This development surfaces numerous months following a comparable no-action letter issued by the SEC to DoubleZero, which was regarded as a vital regulatory achievement for DePIN initiatives.
The SEC has recently released its second “no-action letter” directed at a decentralized physical infrastructure network (DePIN) digital asset venture in recent memory. This action grants its proprietary token “regulatory protection” against potential enforcement, it was observed.
The no-action correspondence was dispatched to the Solana DePIN initiative Fuse, which distributes a network token, FUSE, as a recompense to individuals actively sustaining the network, it was noted.
A document was initially presented by Fuse to the SEC’s Division of Corporation Finance on November 19, requesting formal assurance that the SEC would not endorse “enforcement measures” if FUSE tokens continue to be exchanged on independent digital venues.
Fuse furthermore specified in its communication that FUSE was created for network utility and consumption functions, distinct from speculative intent. The token can only be exchanged for an average market valuation through external intermediaries.
“Based on the facts presented, the Division will not recommend enforcement action to the Commission if, in reliance on your opinion as counsel, Fuse offers and sells the Tokens in the manner and under the circumstances described in your letter,”
wrote Division of Corporation Finance’s deputy chief counsel, Jonathan Ingram, on Monday.
The most recent no-action correspondence from the SEC arrives merely several months after a comparable, “highly desired” letter was transmitted by the commission to Double Zero. This action was viewed as an outcome of a revised, more accommodating administration within the SEC.
At that specific period, DoubleZero co-founder Austin Federa articulated that such correspondence is prevalent within conventional finance, yet is considered “exceptionally scarce” within the decentralized digital assets sector.
“It was a months long process, but we found the SEC to be quite receptive, we found them to be quite professional, quite diligent, there was no crypto animosity.”

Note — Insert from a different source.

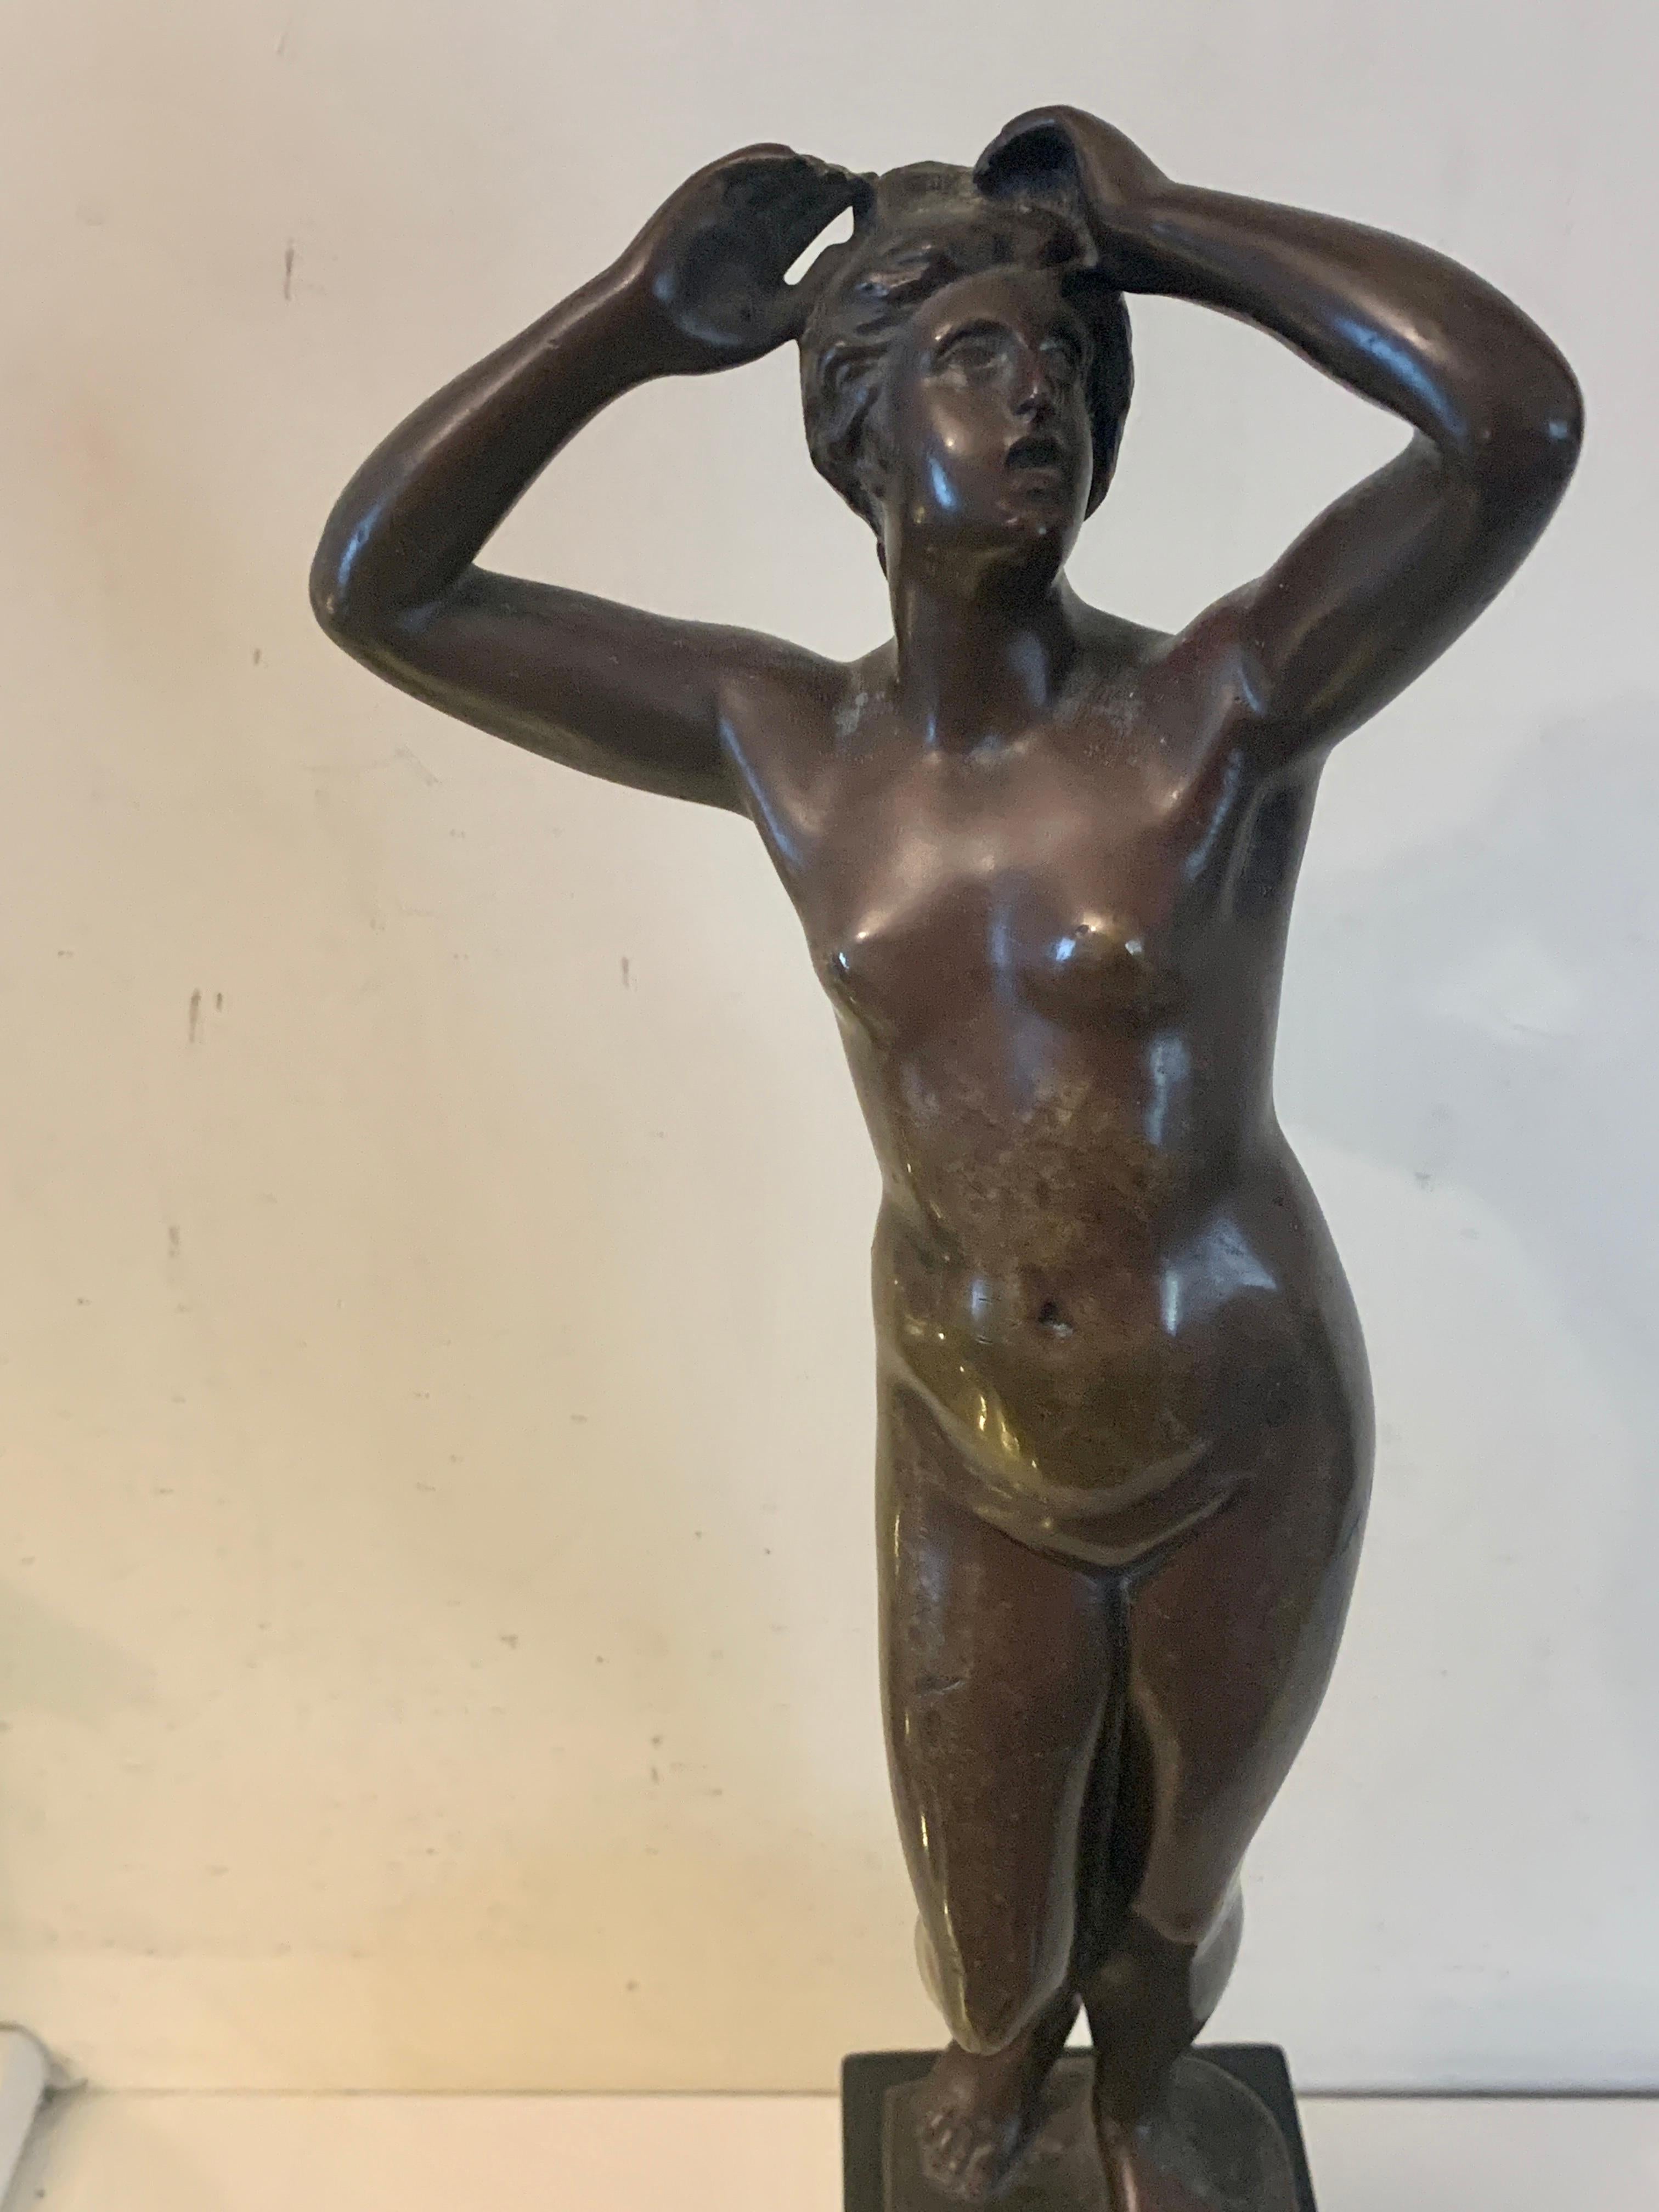 Französische Bronze aus dem 19. Jahrhundert, die eine nackte Frau im Stehen zeigt. – Sculpture von Cartinet
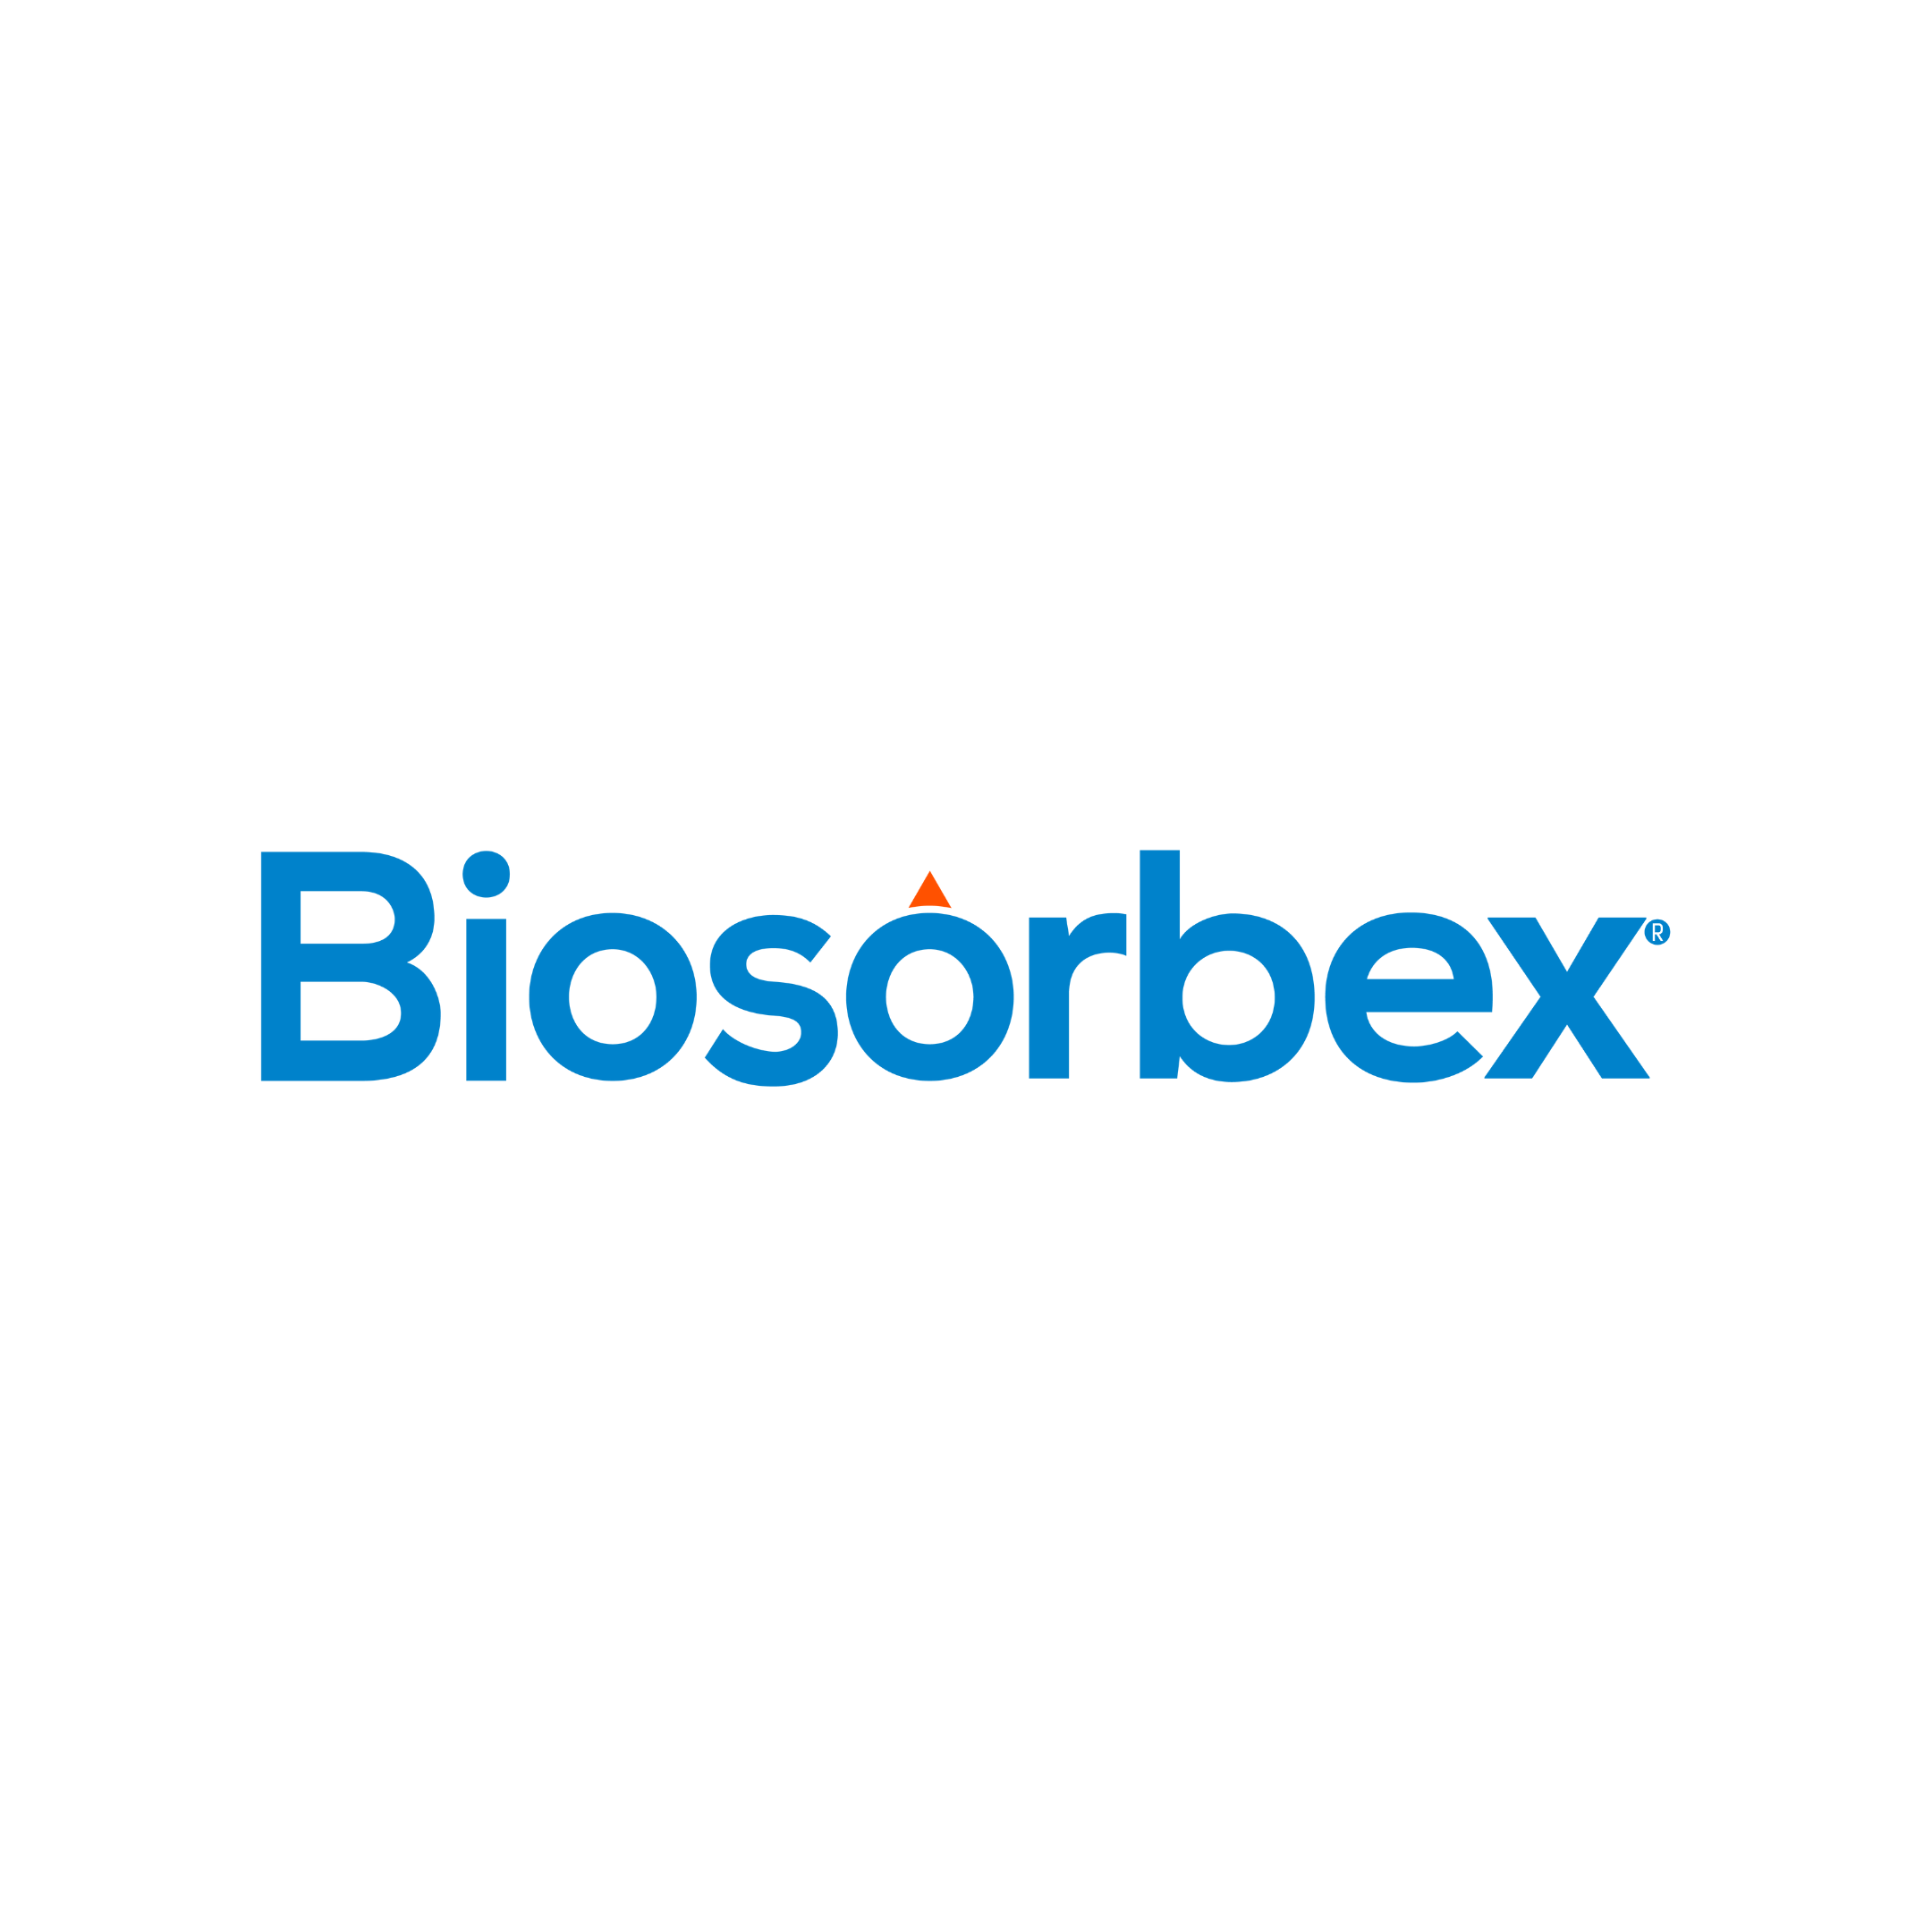 Biosorbex 1.png

New leadership was instilled at the SEC in April, subsequent to Paul Atkins being inaugurated as the 34th chairman. The regulatory body has since been observed adopting a more equitable stance toward digital assets. Additionally, crypto-friendly Hester Peirce also directs the agency’s specialized crypto task force.
SEC No-Action Letters Provide a Measure of Regulatory Clarity
Contributing to the discourse on X, Rebecca Rettig, a legal counsel for the Solana MEV infrastructure platform Jito Labs, mentioned that no-action correspondence is pursued by numerous digital asset ventures, it was noted.
“Why do crypto teams want them? ‘Regulatory clarity.’ If you’re planning to issue a token, a NAL provides reasonable assurance you won’t face immediate enforcement for violations of securities laws. It’s a kind of ‘regulatory cover,’”
she wrote.
Crypto Lawyer Says SEC’s Approval of Fuse Was Not Unexpected
The no-action correspondence does not inherently establish any new benchmarks, it should be noted.
Offering commentary on the matter through X on Monday, Consensys legal representative Bill Hughes affirmed that this situation was regarded as “uncomplicated,” considering the specific characteristics of the Fuse token, it was observed.
“The take away is that there is not a lawyer in crypto that would have thought this token was a security. And maybe not even any lawyer who is merely familiar with Howey,”
Hughes said.
Crypto Founders Commend the SEC’s New Leadership
Subsequent to a period during which numerous US crypto founders, firms, and ventures stated they felt antagonism from the SEC under former chair Gary Gensler, the most recent contact with Fuse suggests the agency’s methodology has been significantly altered, it was observed.
Within the identical month that Double Zero procured its no-action correspondence, a comparable no-action letter was also distributed by the SEC for crypto-custodians that were not qualified as banking institutions.
Despite the requirement that stringent prerequisites must still be satisfied, the no-action correspondence furnishes unambiguous directives on permissible methods for these entities to function and engage with digital assets. This necessary guidance has been repeatedly requested by the sector over the preceding few years.